It is not needed if you have an additional video card installed.

If you wish to have this driver you can find it here:
http://www.sis.com/download/

Select: XP
Select: IGP Graphics Driver
Select: SIS650 & SIS740 series
File Name: uvga3_373.zip

Let us know how you make out.

Bill


----------



## AlandisN (Jan 18, 2010)

Doing this from my cell phone:

Nothing was in advanced bios cept booting stuff. However the following came up in "Integrated Peripherals" All the -'s had changeable options such as disabled or auto/both.

SiS OnChip IDE device
-Internal PCI/IDE 
-IDE Primary Master PIO
-IDE Primary Slave PIO
-IDE Secondary Master PIO
-IDE Secondary Slave PIO
-Primary Master Ultra DMA
-pri slave, sec master, sec slave Ultra DMA.
-IDE DMA transfer access

SiS OnChip PCI Device
-OnBoard USB Controller
-USB Keyboard Support
-OnBoard sound function
-OnBoard LAN Function
-OnBoard 1394 function

Onboard SuperIO Device
-Onboard FDC Controller
-Onboard Serial Prot 1
-Onboard Parallel Port
-Parallel Port Mode
-ePP Mode select
-ECP Mode Use DMA
-Game Port Address
-Midi Port Address
-Midi Port IRQ

Init Display First: (set to PCI slot)

What do I change?


----------



## BCCOMP (Jul 9, 2007)

Init Display First: (set to PCI slot)
What other options are listed for this?
Bill


----------



## AlandisN (Jan 18, 2010)

The other option was AGP.


----------



## BCCOMP (Jul 9, 2007)

I am not totally sure of what motherboard you have.
Some motherboards will have the option to disable ON-Board video.
It appears yours does not.
Set it to AGP
Your Nvidia card is a AGP card so it should be the Init (Initial) Display device.
Save and Exit the BIOS
Install the Nvidia Driver

Enter the Device Manager
Under Display Adapters you should "see" your Nvidia GeForce FX 5200 

If you still have the other "VGA Controller" error (you may) in the Device Manager install this driver:
http://www.sis.com/download/

Accept Agreement if prompted

Select: XP
Select: IGP Graphics Driver
Select: SIS650 & SIS740 series
File Name: uvga3_373.zip

Check the Device Manager again to make sure you have no errors
Post any if you do

Let us know how you make out.

Bill


----------



## AlandisN (Jan 18, 2010)

The Nvidia card is a PCI. When I first boot, I get a little screen that shows the stats of the board, right before the boot screen. It's listed as a 256mb pci board. 

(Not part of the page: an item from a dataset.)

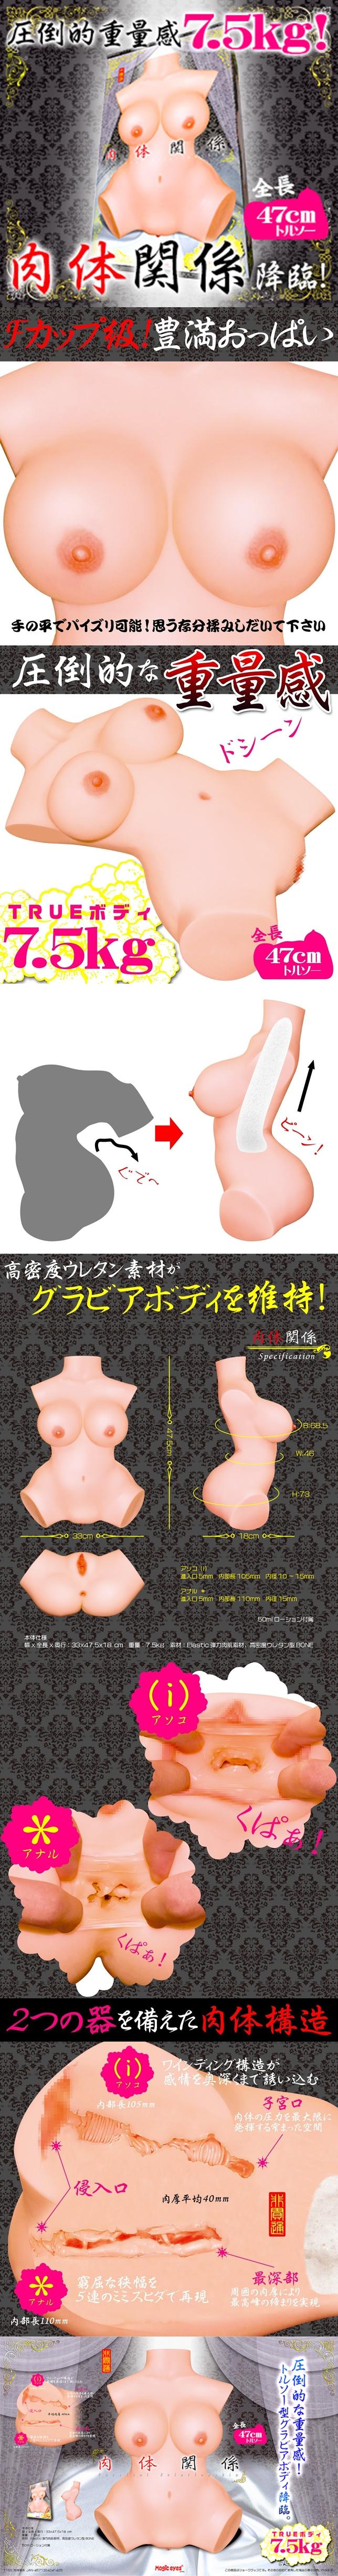 巨乳 乳交

Supporting this, when set to AGP, the computer became inoperable due to lack of monitor display. I had to switch the monitor cable to the onboard slot to go back and fix. I'm currently set to PCI and am booting with the monitor connected to the gfx board again.

I'm going to attempt to install the drivers and disable the extra video controller via device manager. I don't believe getting sis drivers is necessary if I'm not booting from the onboard sis 651, but I'll do it if this doesn't solve the problem.


----------



## AlandisN (Jan 18, 2010)

After installing the drivers, I see the Nvidia card under my Display in Device Manager. I disabled the video controller that was yellow exclamation'd. I think this is as good as it's going to get; the video games are running normally so far.


----------